Altogether we are able to provide a nuanced picture of the socio-geographical ‘imaginaries’ that provided and provide orientation to the Chilean scientific communities. Although several features of these imagined communities are the outcome of specific, path-dependent processes, the relatively long time period and the broad range of scientific journals and communities we cover also allow us to draw more general conclusions.
Methods and data
Internationalization depends on a variety of institutions, networks, migration and mobility trends, and so on. Core-periphery differences and asymmetrical relations are often found in analyses of international exchange. Scientometric studies of the geographies of science, for example, show that the global research output is still concentrated in a relatively small number of nations (Leydesdorff and Persson, 2010). Translation flows tend to reproduce, not correct, this unequal distribution. Many more books are translated from English than into English, whereas for all other languages the reverse holds true (De Swaan, 2001). Following Heilbron (2014: 692), about 60% of all book translations worldwide are made from English. Citation and reputation studies display similar results: Research from the core has better chances of being cited and being translated than research from the periphery (e.g. Koch and Vanderstraeten, 2019).
However, these core-periphery differences do not tell us very much about how national communities in the periphery try to come to terms with internationalization pressures. In order to understand the shifting frames of relevance, it is necessary to look for other sources. In our view, scholarly journals constitute a particularly useful source to study the ways in which (inter-)national ambitions resonate within national communities. Journals play key roles in modern disciplines. They not only allow for regular communication between the members of scholarly communities, but also endorse what these communities take to be certified knowledge (Csiszar, 2018). They are gatekeepers and are able to impose particular orientations. In order to be published, (potential) authors have to come to terms with the expectations specified in the journals’ editorial programs (Baldwin, 2015; Bazerman, 1988). Here we use Chilean scholarly journals to trace the evolution and impact of the internationalist ambitions and pressures in this part of the (semi-)periphery of the world of science.

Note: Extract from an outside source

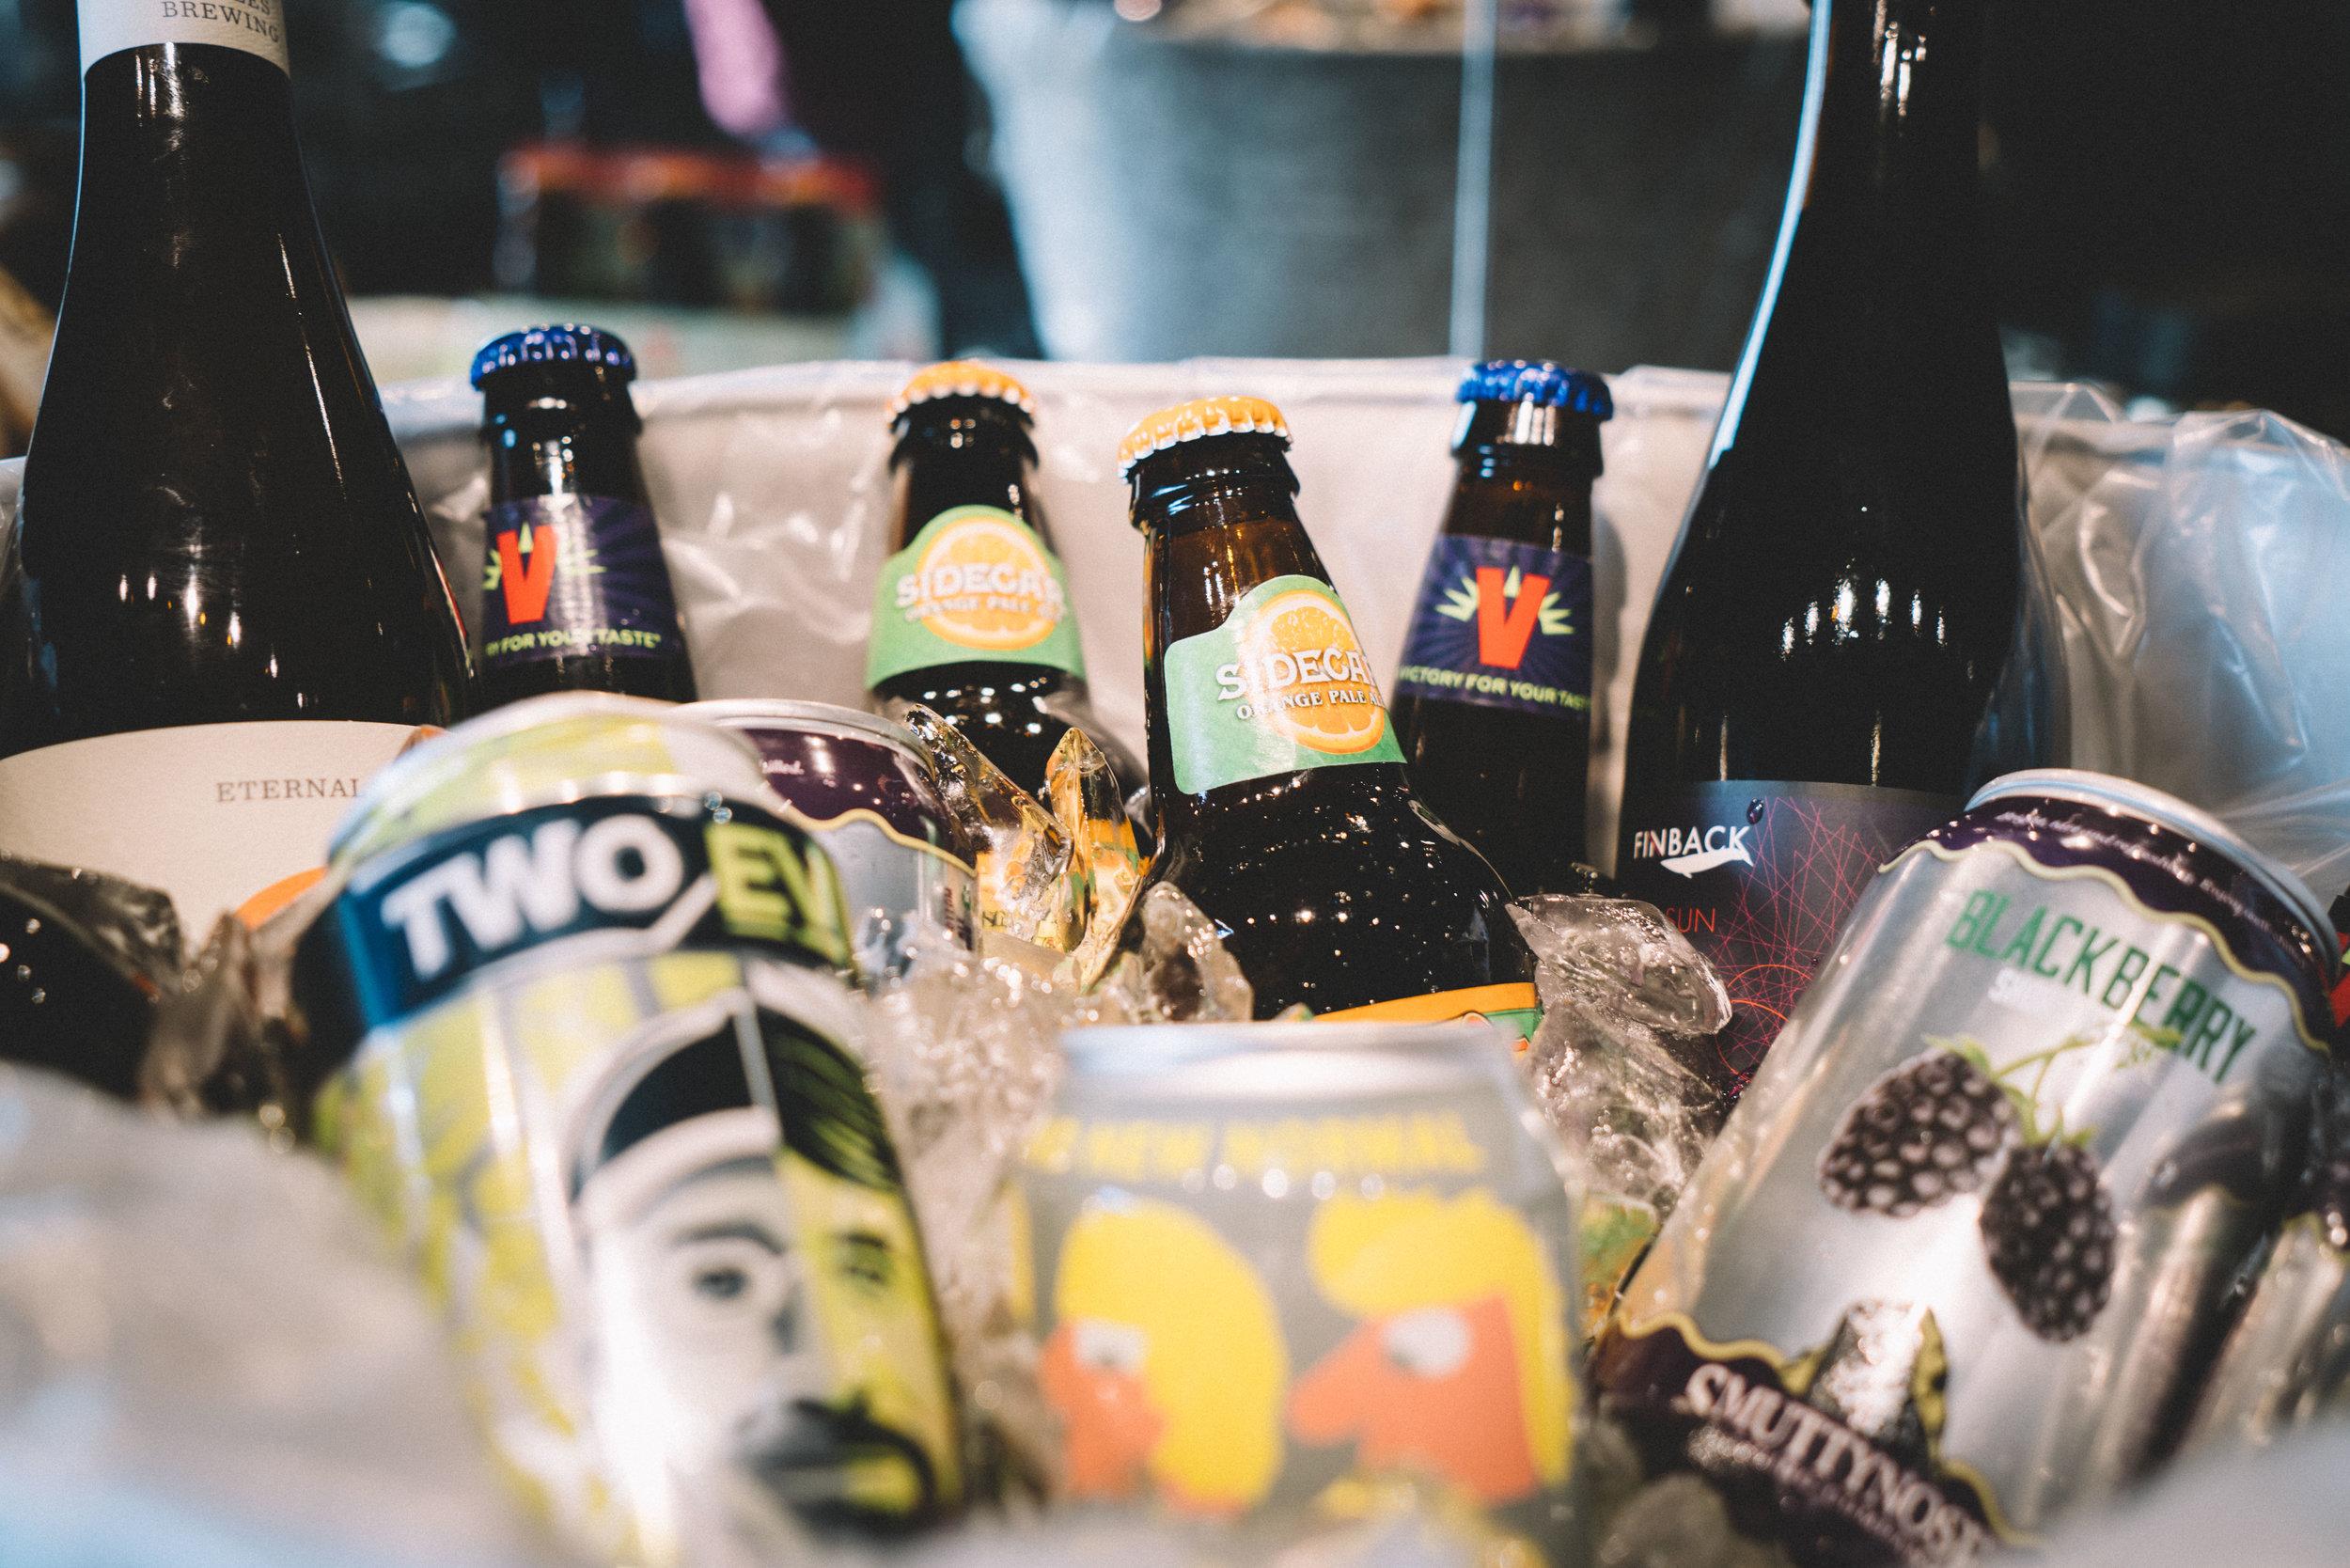 BeerClub-10.jpg

To select the journals for our analysis, we first included the Chilean journals indexed by Web of Science, as this index now epitomizes global visibility and prestige. We examined all issues of the 47 Chilean journals included in WoS’s core collection at the end of 2015. In this article, however, we focus on the journals covering the natural sciences (i.e. those included in Science Citation Index Expanded). The digitally available issues of the journals were downloaded from official websites, while the non-digitized issues were consulted at the National Library of Chile. We searched in each issue for relevant structural features, such as types of articles (translations, literature reviews, news items, and so on), institutional addresses of authors, referencing styles and publication language(s), as well as (more or less explicit) statements about the geographical orientation of the journal and its community within editorials, chronicles or letters to the editor. Alongside our own notes about the structural features and editorial policies of the different journals, our final dataset contained 1529 documents from the journals themselves (such as editorials, letters to the editor, news, and author guidelines). The selected documents displayed considerable variation in length, ranging from some short paragraphs to more than ten pages.
All these documents were analyzed using Atlas.ti. Our analysis departed from an open coding, yet focusing on the journals’ national and international orientations, their internationalist and universalist rhetoric, and their editorial practices. This coding process was further refined and organized into inductively constructed themes that structured the findings section. For the sake of clarity, the Spanish quotations being used here have been translated into English. We make use of journals’ abbreviated names in WoS to cite our primary sources – full references are listed at the bottom of the article.
Our dataset, then, is focused on the journals published or edited in Chile that have achieved international visibility demonstrated by their inclusion in WoS-databases. However, in order to contextualize our findings, we supplemented this material with information from three other sources. First, in light of the relatively long period we cover, we compiled a list of 915 Chilean scholarly journals not included in WoS (many of which no longer exist). This list entails descriptions of the fields of study, publication language(s), editor(s) and so on. Second, we calculated standard scientometric measures for the publications and citations of the Chilean journals that were included in WoS between 1976 and 2015. The quantitative figures used to contextualize our interpretations are derived from these calculations. Finally, we interviewed a group of editors-in-chief of leading Chilean scholarly journals in order to double-check key turning points of the journals. Due to space limitations, here we primarily focus on the features and changes that can be observed in the journals themselves – and that are thus visible to their respective readerships.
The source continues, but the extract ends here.